Don't take advantage of doctor co-ops
Our GP advises against over-using the GP out-of-hours service and what you can do for a child who complains regularly about an itchy bottom.
Question: My daughter was sick over the Christmas period and I brought her to my local GP out-of-hours service. Can I use this as my regular GP service?
Dr Nina replies: Most out-of-hours services are now provided by doctor co-ops. This is where a group of GPs in a particular area agree to provide cross cover for the patients of all their practices in one out-of-hours service. Some co-ops are larger than others but they all function in a similar way. If a GP wants their patients covered by this particular service they must then also work shifts in the co-op themselves.
There are a number of advantages to this service. The patients attending are guaranteed to see a doctor specialising in general practice which provides a recognised standard of care. There is access to GP care outside normal office hours and during weekends and bank holidays.

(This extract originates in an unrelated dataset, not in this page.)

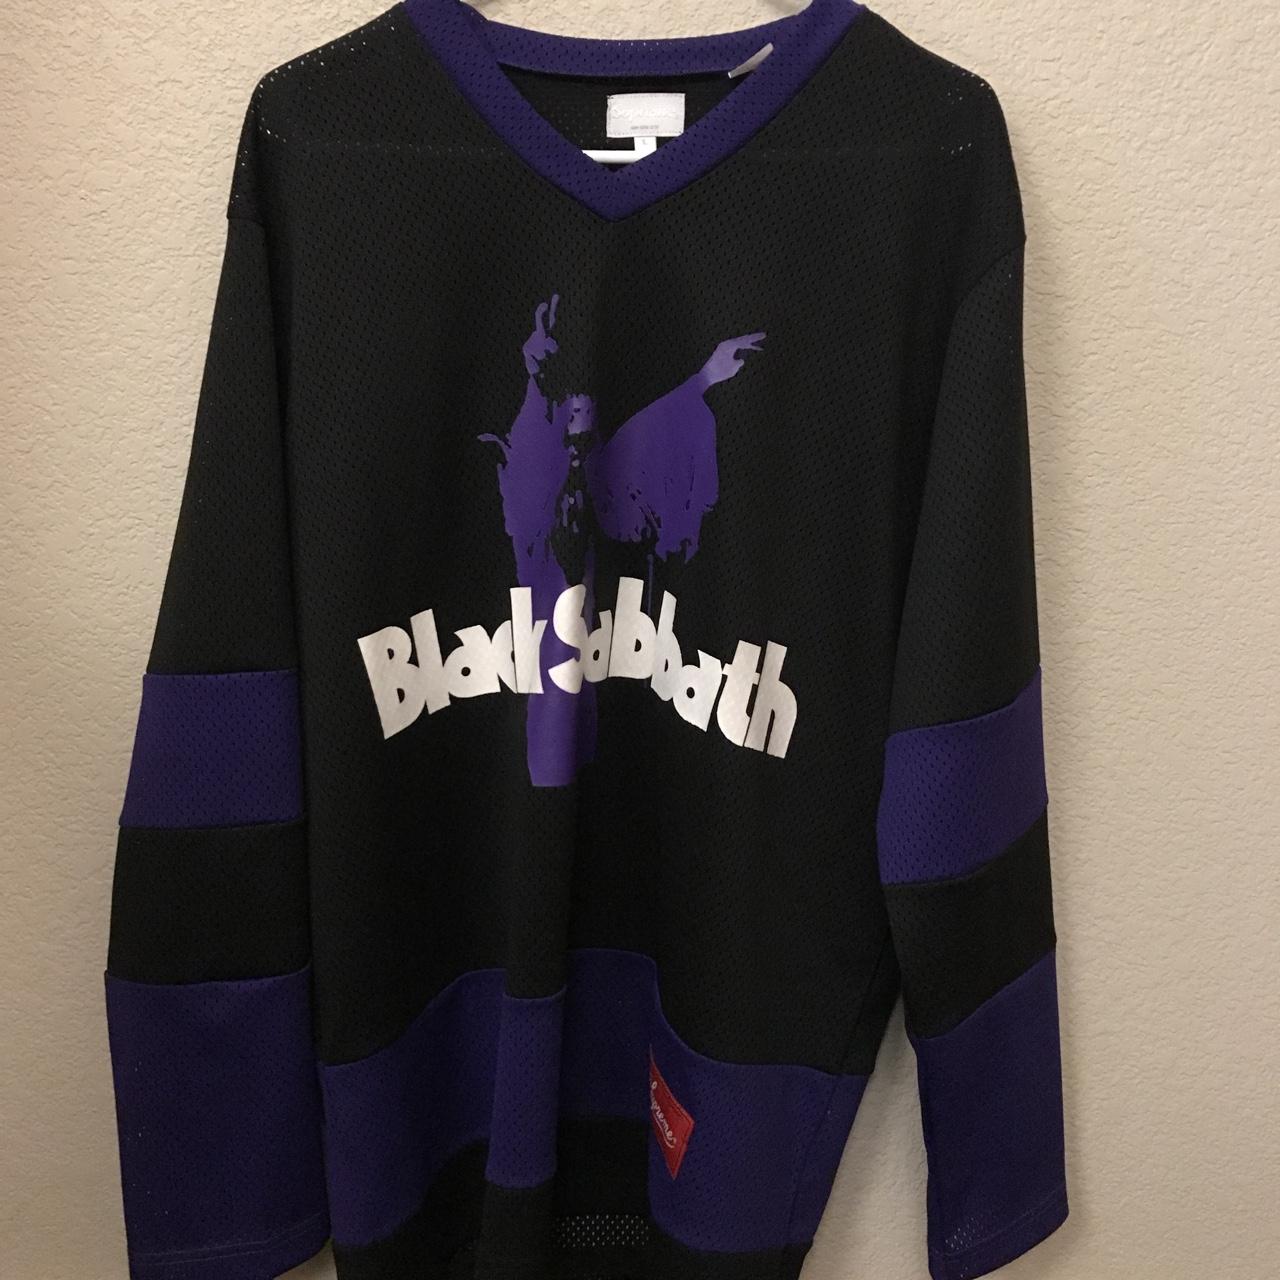 Supreme Black Sabbath hockey jersey. 9/10 condition....

Most co-ops will send a copy of the consult notes back to your regular GP, so a record of the attendance can also be uploaded to your file. The ease of access and quality of care may make this service attractive to many who may then think that it can be a substitute for a regular GP but this is not the case.

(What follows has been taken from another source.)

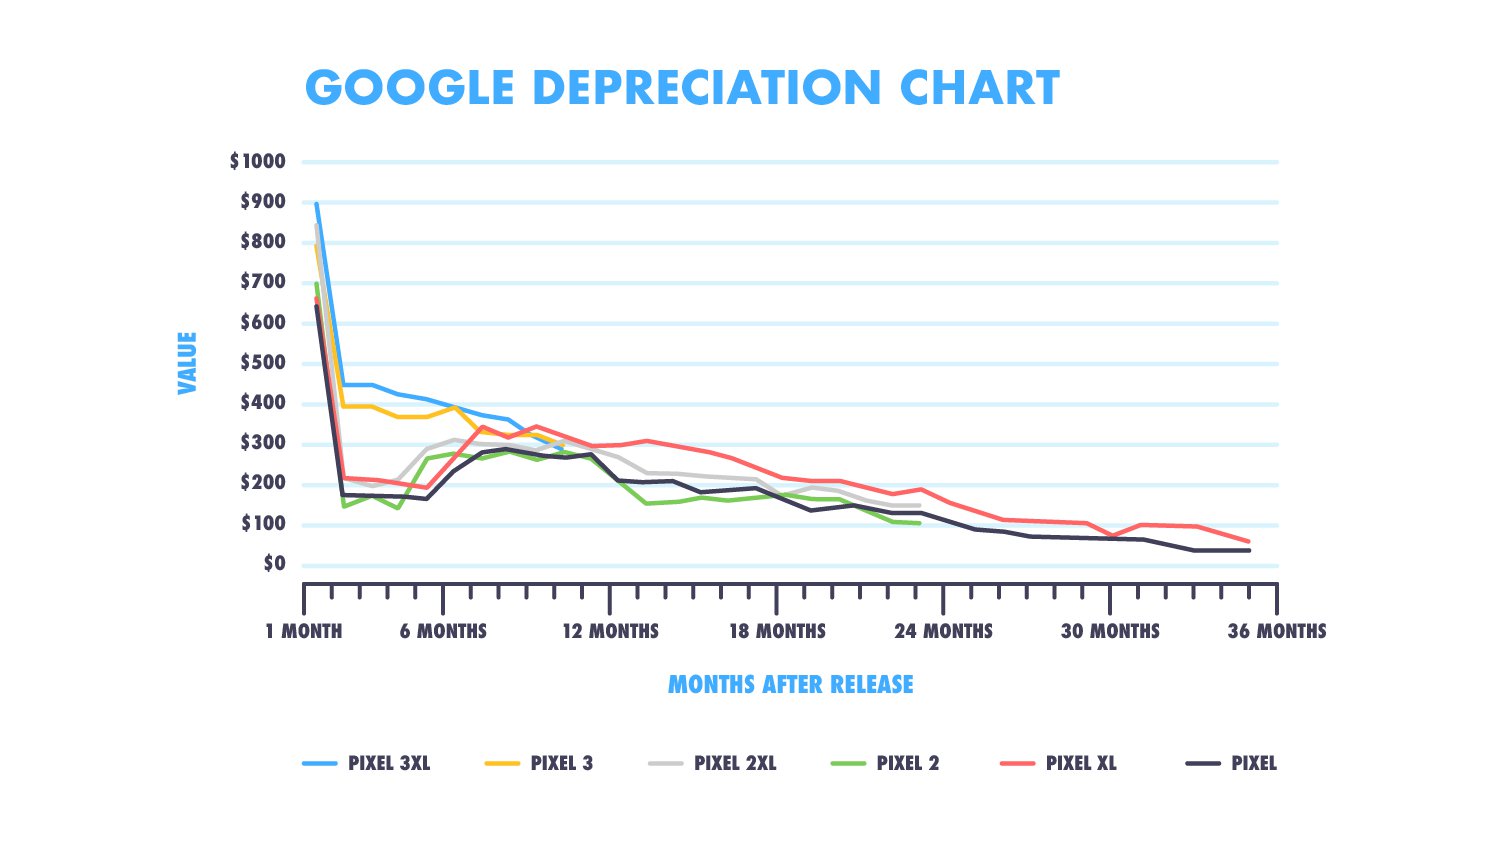 Google depreciation

The co-op cannot arrange any investigations such as X-rays or arrange hospital out-patient referral. It cannot send samples such as blood and urine to the lab, making detailed diagnosis incomplete. It cannot undertake services such as cervical smears or routine health checks.

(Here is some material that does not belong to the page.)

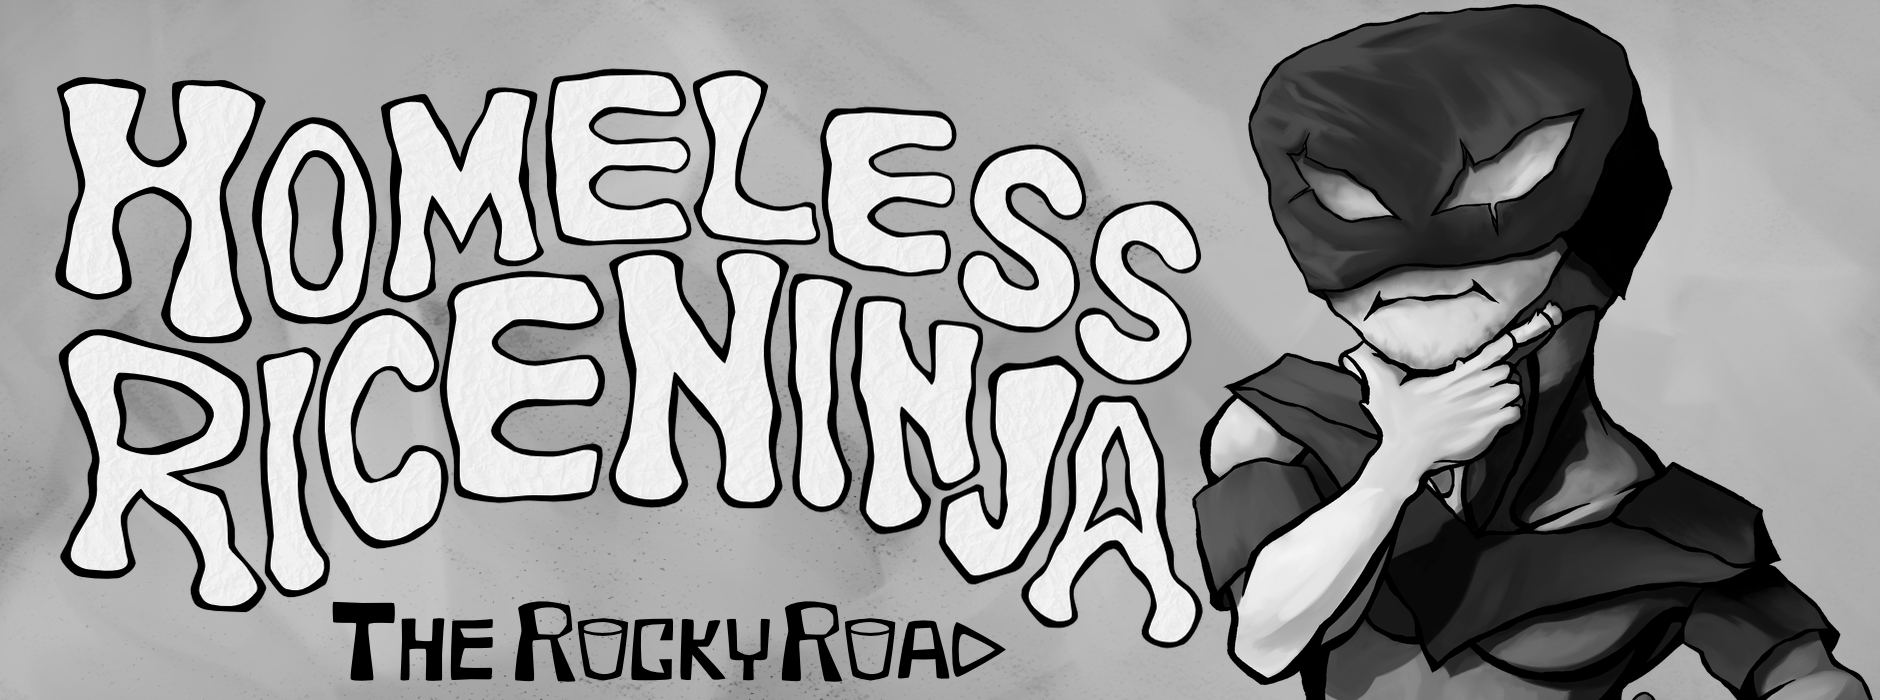 Homeless Rice Ninja: The Rocky Road - Act 1 + 2

Co-op services were set up to provide emergency cover for illness or injury that cannot wait until you can be seen during the next routine GP surgery hours. Unfortunately as the service has become more widely known many are using for convenience rather than necessity.
GPs working regularly report seeing those with minor illness or those who didn't manage to get the appointment they wanted that day with their usual GP. Many doctors have real concern that as the out-of-hours services become busy with minor illness that genuine emergencies or those who are seriously unwell may not get seen in a timely manner.
I would urge you to only use your co-op for what it is: an out-of-hours service available to provide emergency care to those who are so unwell that they cannot wait several hours to attend their own GP. That way the quality and access to care will remain available to all in an efficient, timely manner.
Question: My eight-year-old daughter constantly complains that her bottom is itchy. We have treated her for worms but it makes no difference. The itch seems to be mainly at the front. What causes this?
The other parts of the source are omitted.